**Input data:**
------------------------
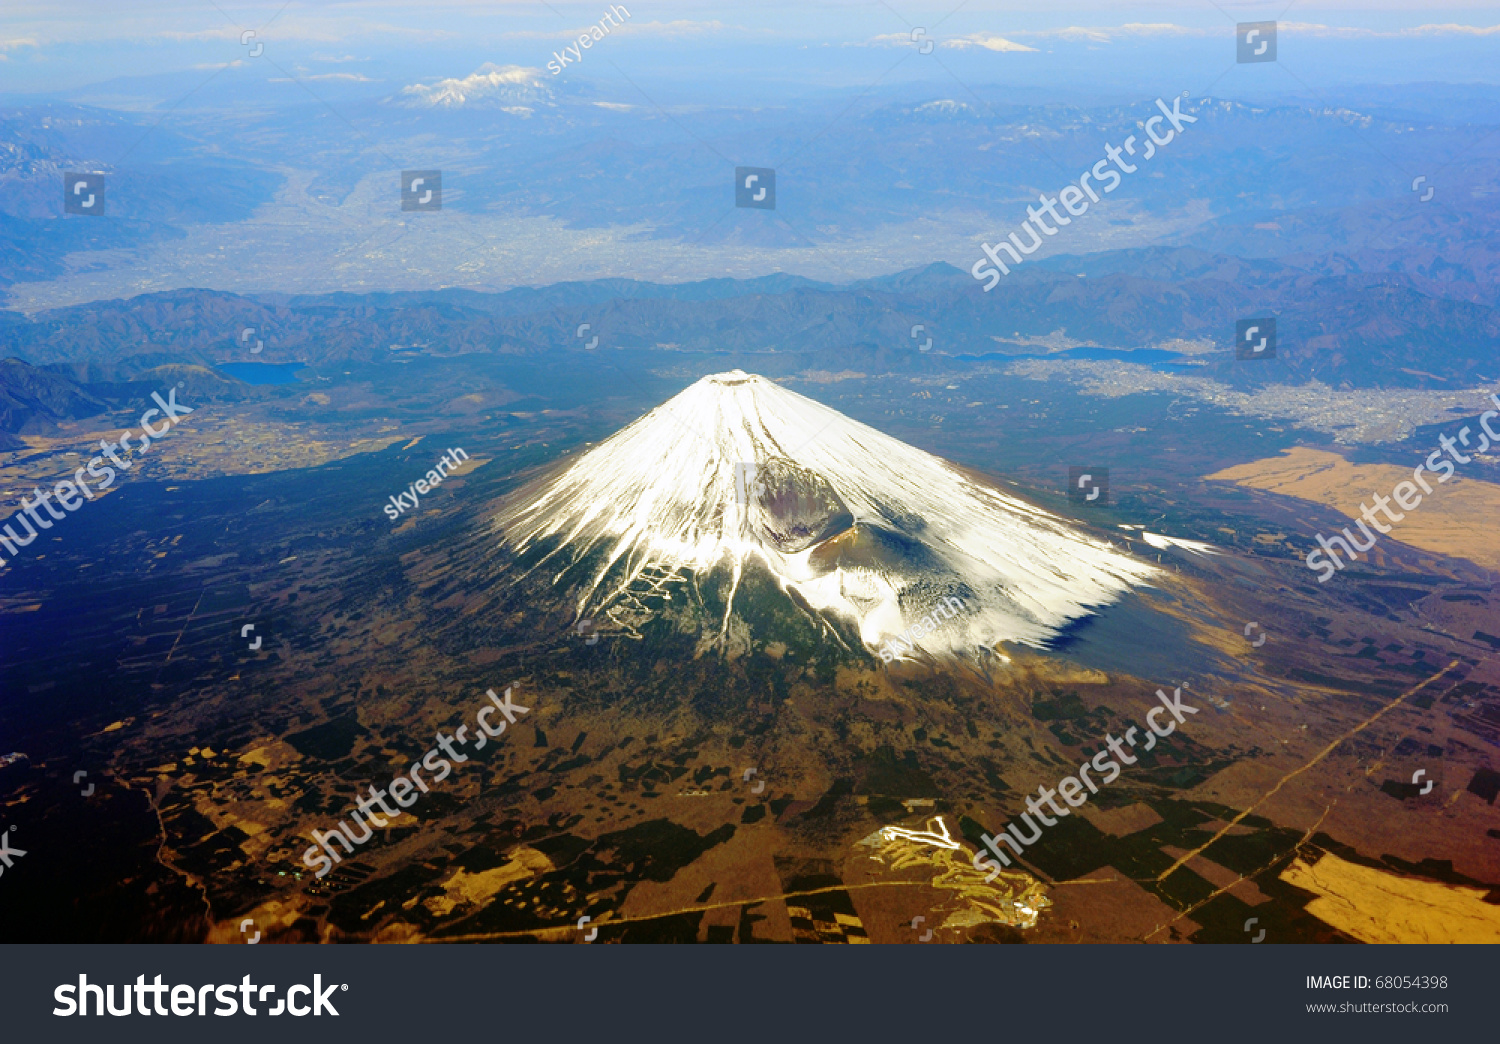 Mt Fuji Bird Eye View Stock Photo 68054398 | Shutterstock
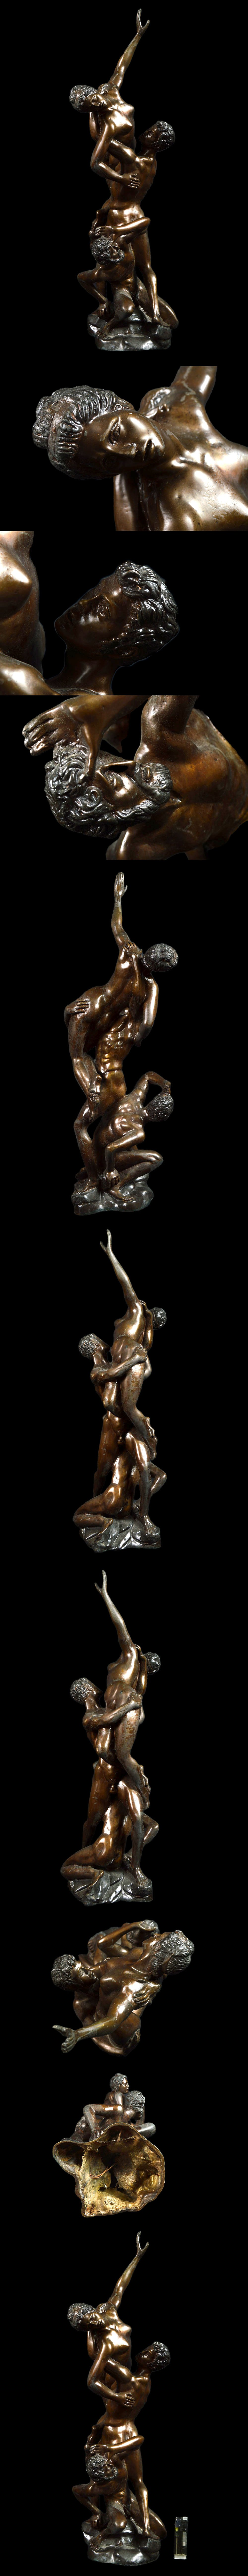 格安特価某資産家蔵出 西洋アンティーク 裸像 男性像 女性像 ブロンズ像 重さ8.22kg 古美術品(旧家蔵出)AA541 西洋彫刻
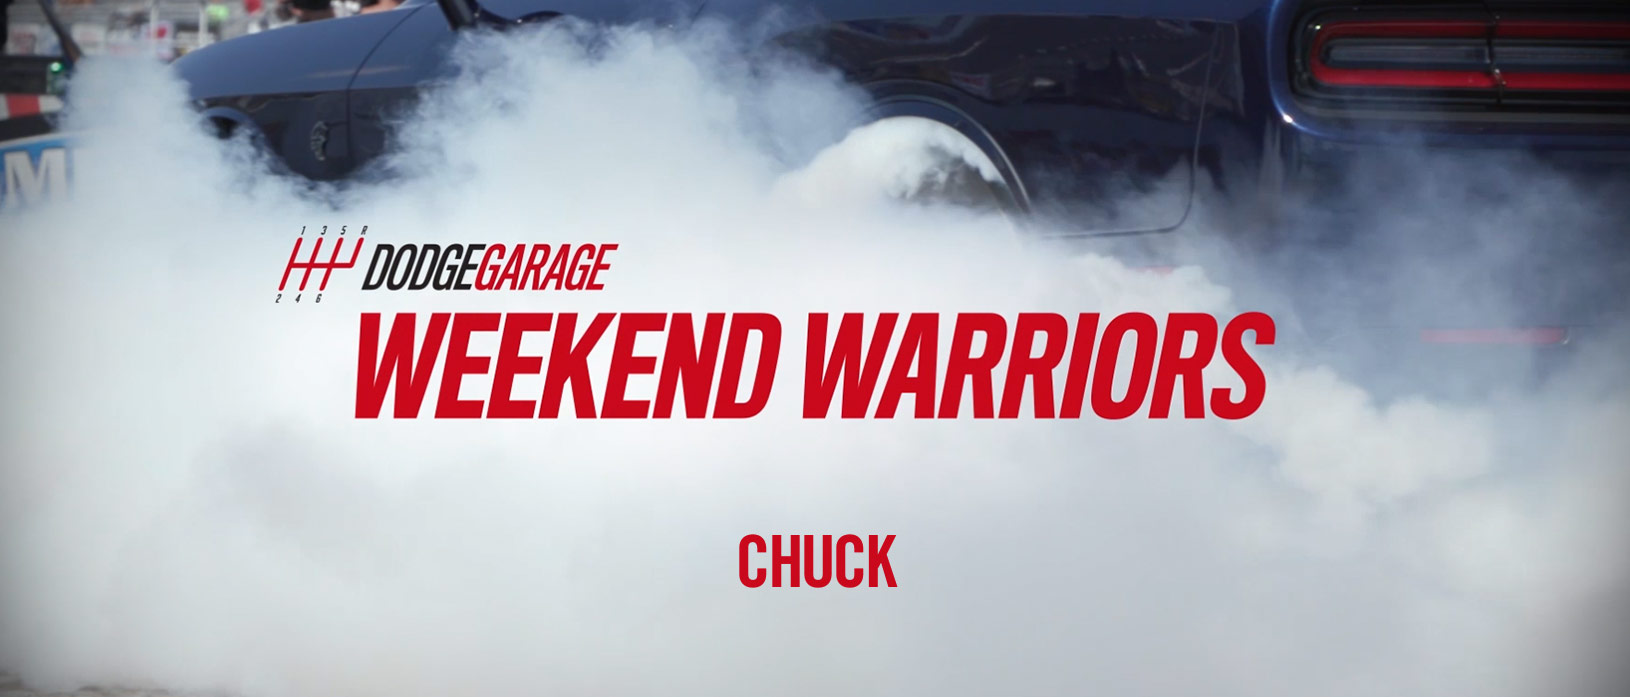 Weekend Warriors Chuck
------------------------
**What is expected:** Pictures are to be left out; repeat all the remaining data exactly.

**Exercise result:**
 Mt Fuji Bird Eye View Stock Photo 68054398 | Shutterstock
 格安特価某資産家蔵出 西洋アンティーク 裸像 男性像 女性像 ブロンズ像 重さ8.22kg 古美術品(旧家蔵出)AA541 西洋彫刻
 Weekend Warriors Chuck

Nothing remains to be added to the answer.